_Given material_:
□ □ □ □ □ □ □
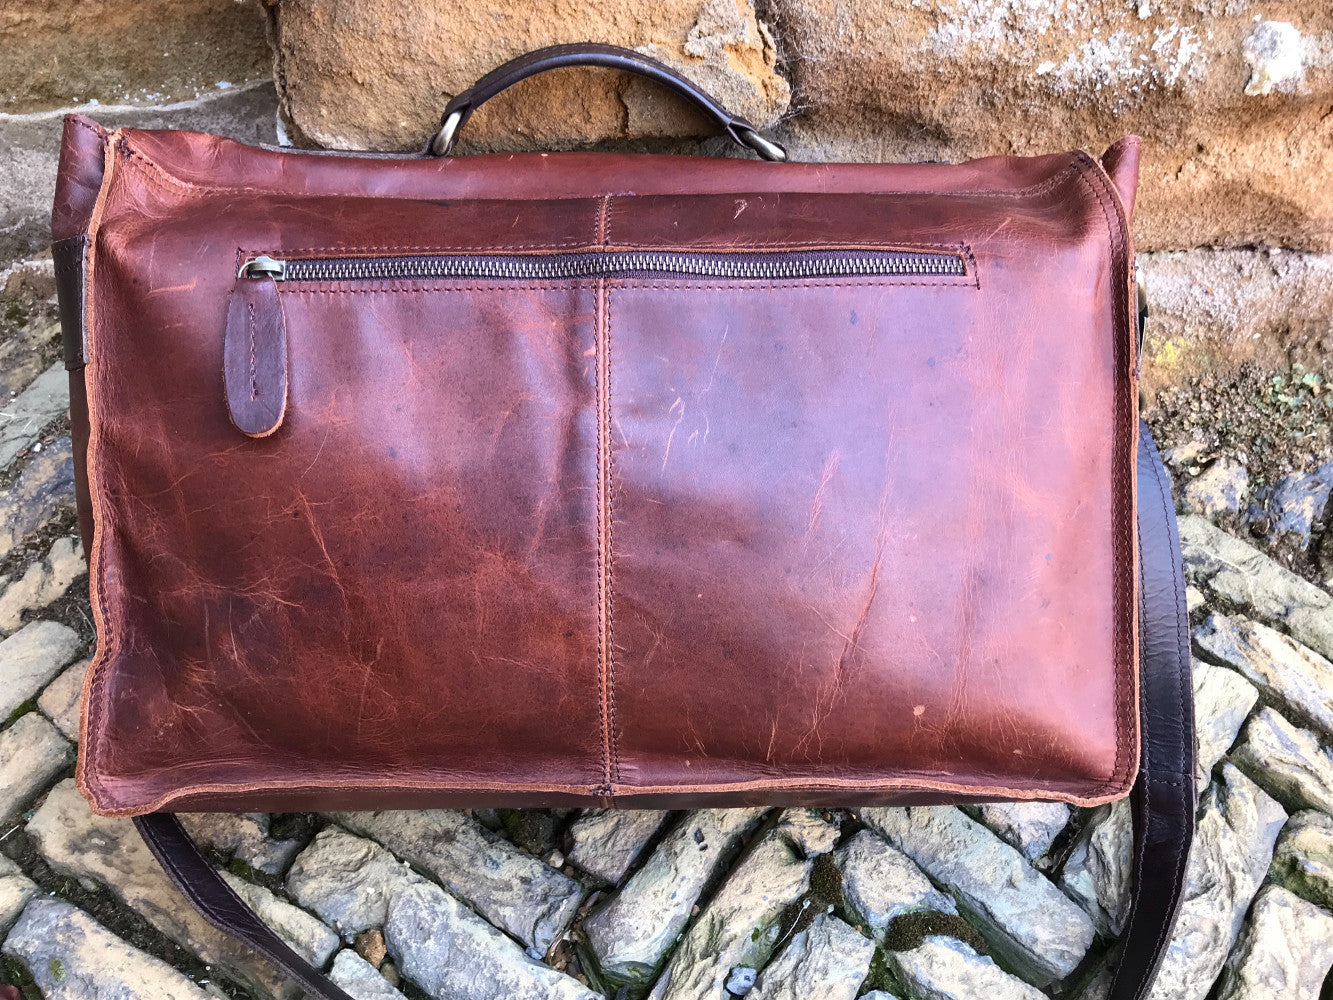 The Dorrington Briefcase. A classic 30's styled leather briefcase by Burghley Bags. A handmade leather vintage work bag, with enough space for 15" laptops. Comes with an adjustable and detachable shoulder strap. Striking dual brown back showing zip pocket.
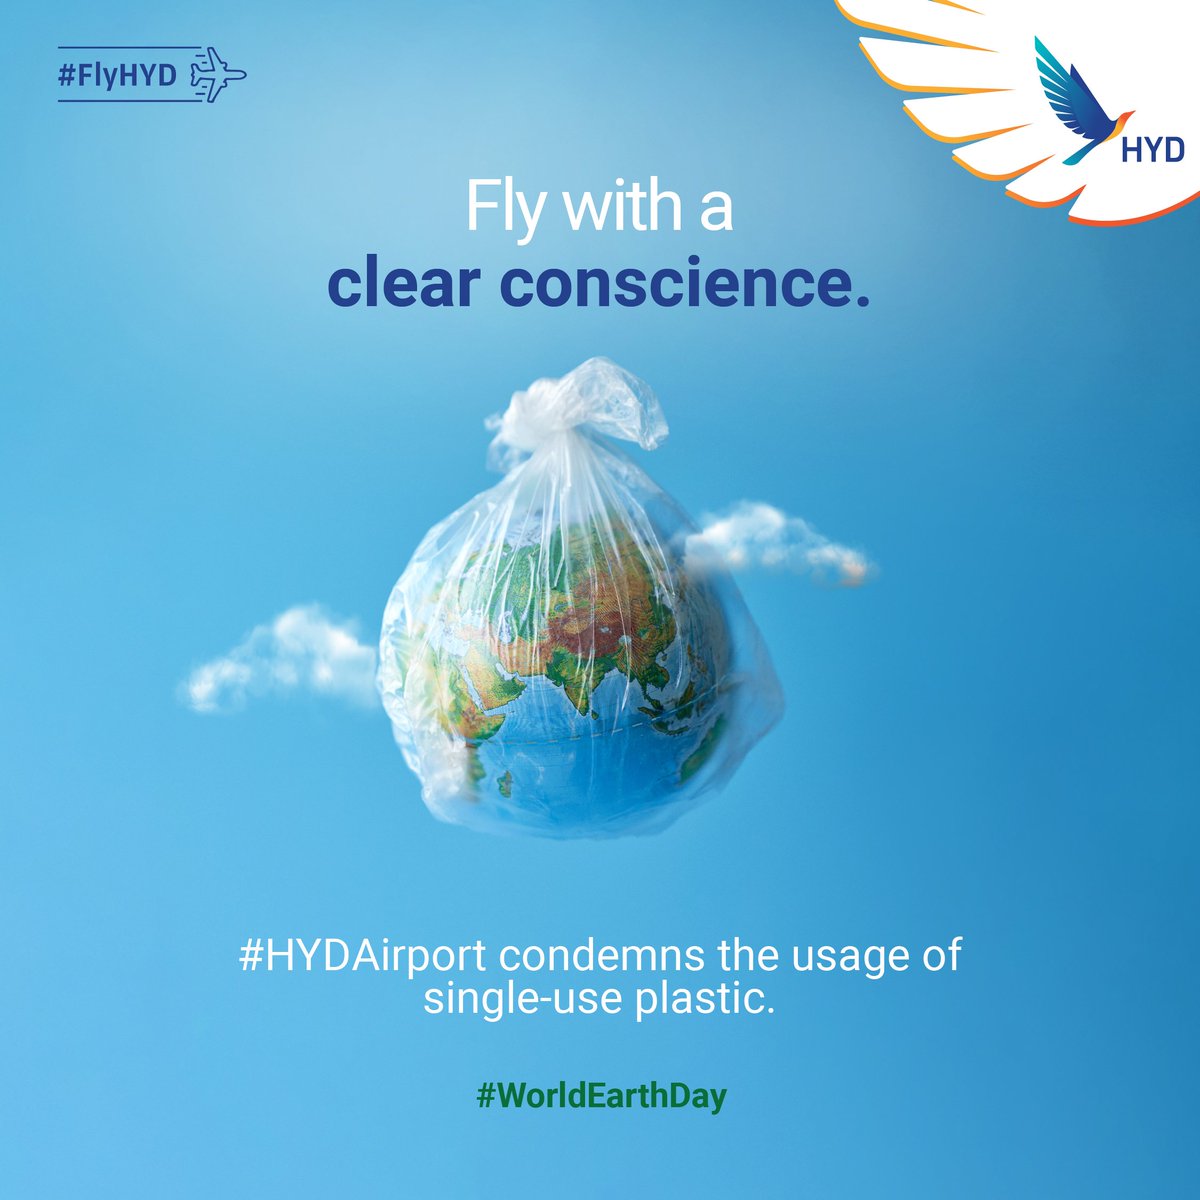 Protect our planet - it's our duty! #HYDAirport joins #EarthDay2024: 'Planet vs. Plastics.' A cleaner future starts now. #FlyHYD #ExperienceEpicEveryday #OnePlanetOneHome #CleanGreenFuture #EarthDay #SustainableLiving @incredibleindia @TelanganaCMO @MinOfCultureGoI @TANAsocial
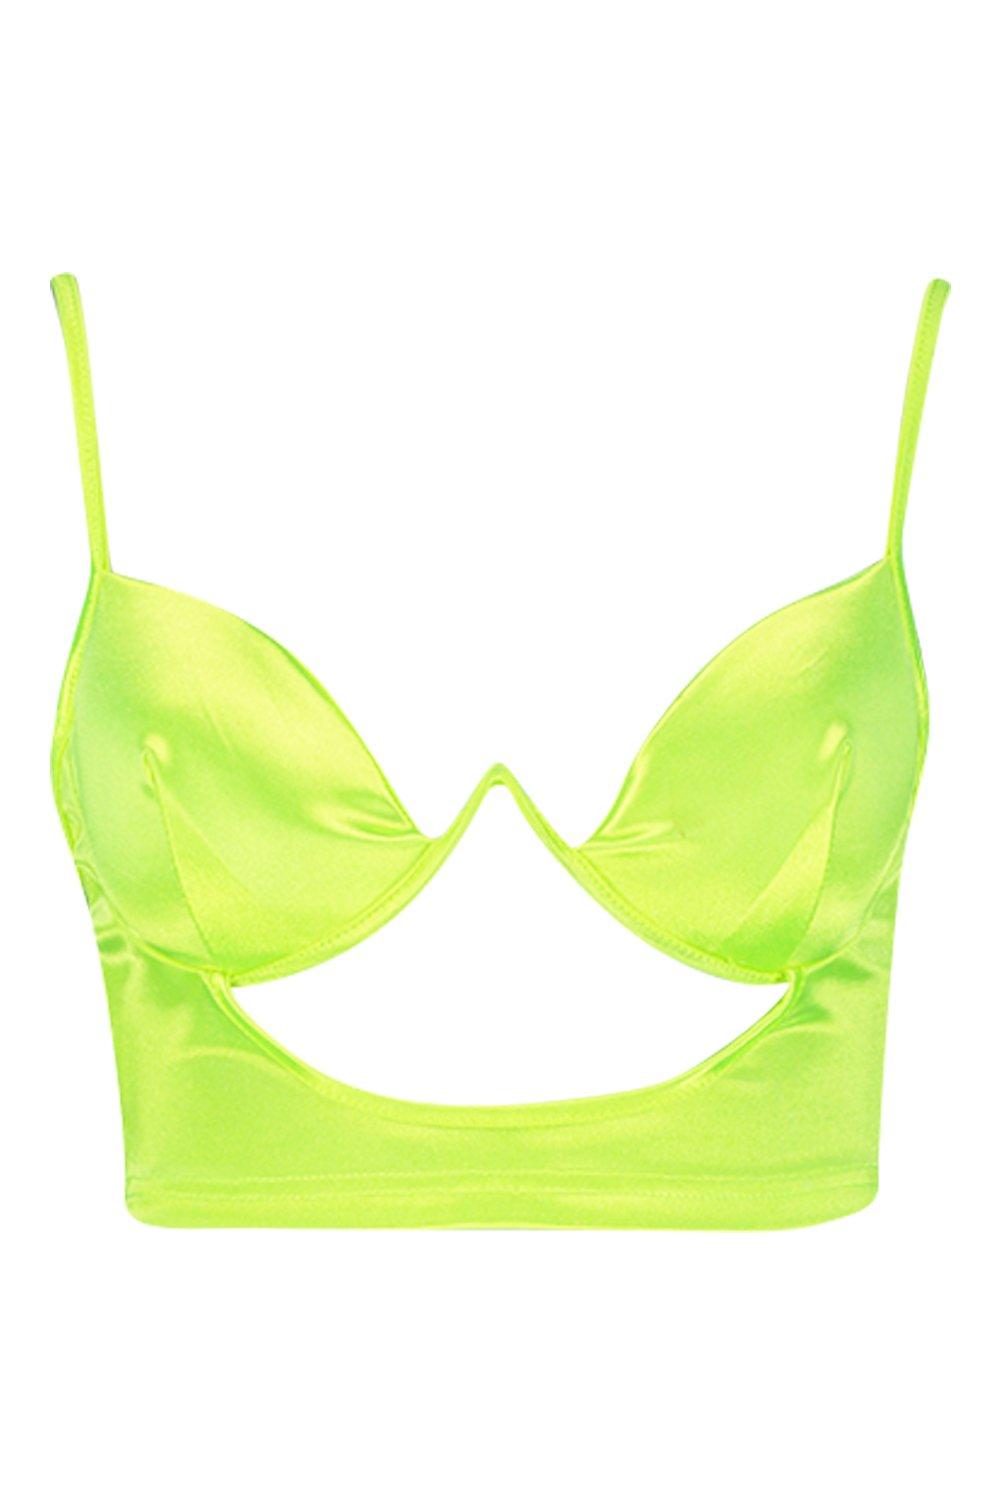 https://media.boohoo.com/i/boohoo/fzz97572_neon-lime_xl_2/female-satin-underwired-cut-out-bralette
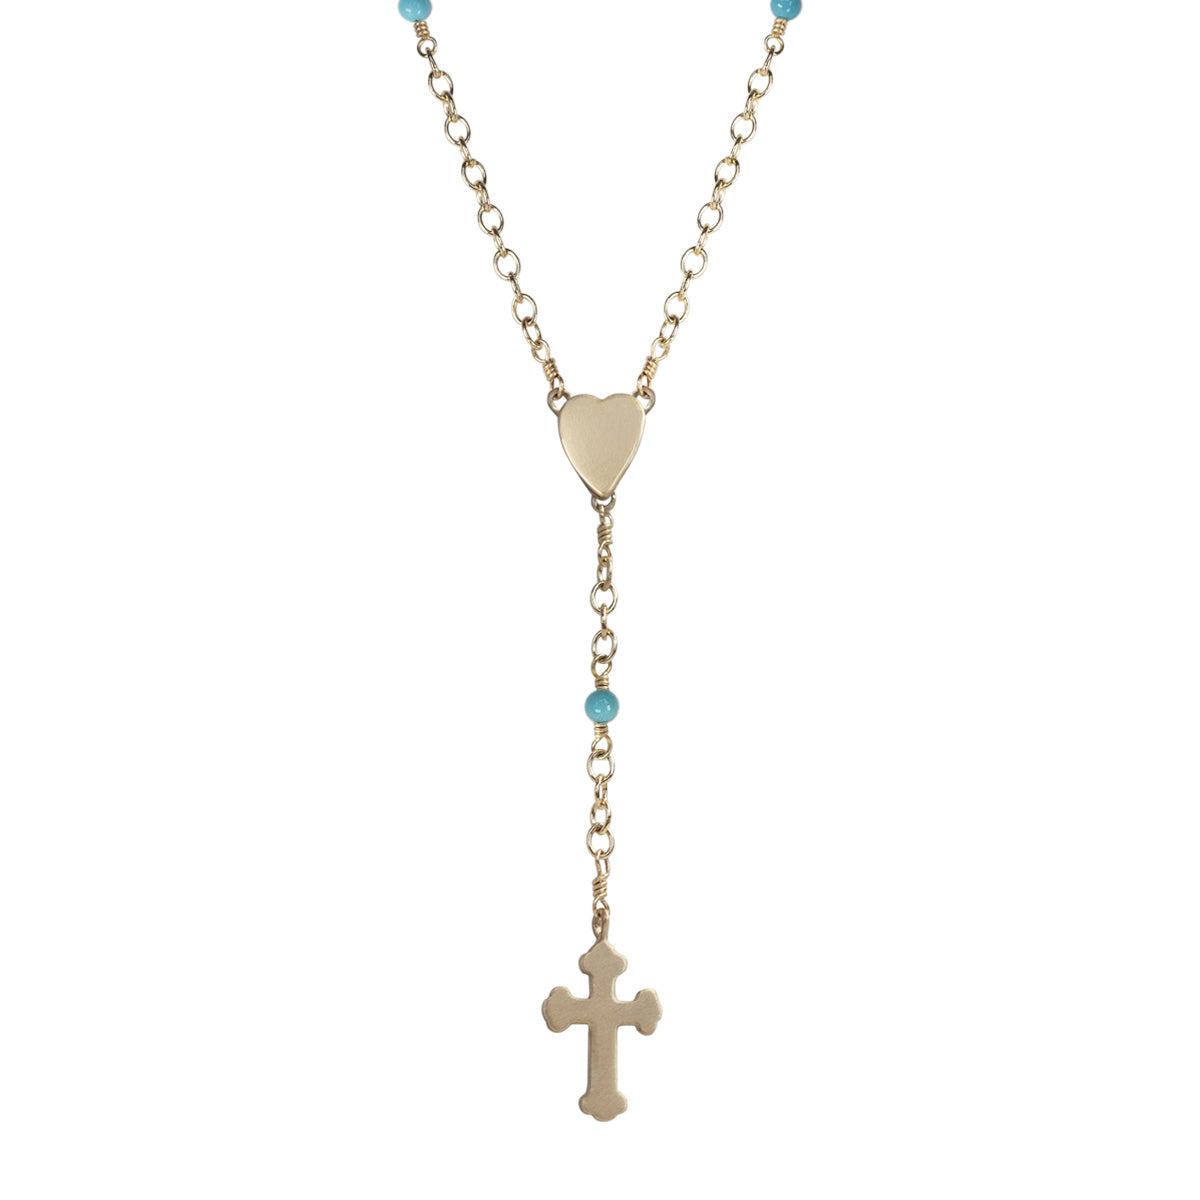 10K Gold Heart and Cross Rosary Necklace on Turquoise Chain
□ □ □ □ □ □ □
_What is needed_: The result should be an exact copy of the material, containing no pictures.

_Answer to this exercise_:
 The Dorrington Briefcase. A classic 30's styled leather briefcase by Burghley Bags. A handmade leather vintage work bag, with enough space for 15" laptops. Comes with an adjustable and detachable shoulder strap. Striking dual brown back showing zip pocket.
 Protect our planet - it's our duty! #HYDAirport joins #EarthDay2024: 'Planet vs. Plastics.' A cleaner future starts now. #FlyHYD #ExperienceEpicEveryday #OnePlanetOneHome #CleanGreenFuture #EarthDay #SustainableLiving @incredibleindia @TelanganaCMO @MinOfCultureGoI @TANAsocial
 https://media.boohoo.com/i/boohoo/fzz97572_neon-lime_xl_2/female-satin-underwired-cut-out-bralette
 10K Gold Heart and Cross Rosary Necklace on Turquoise Chain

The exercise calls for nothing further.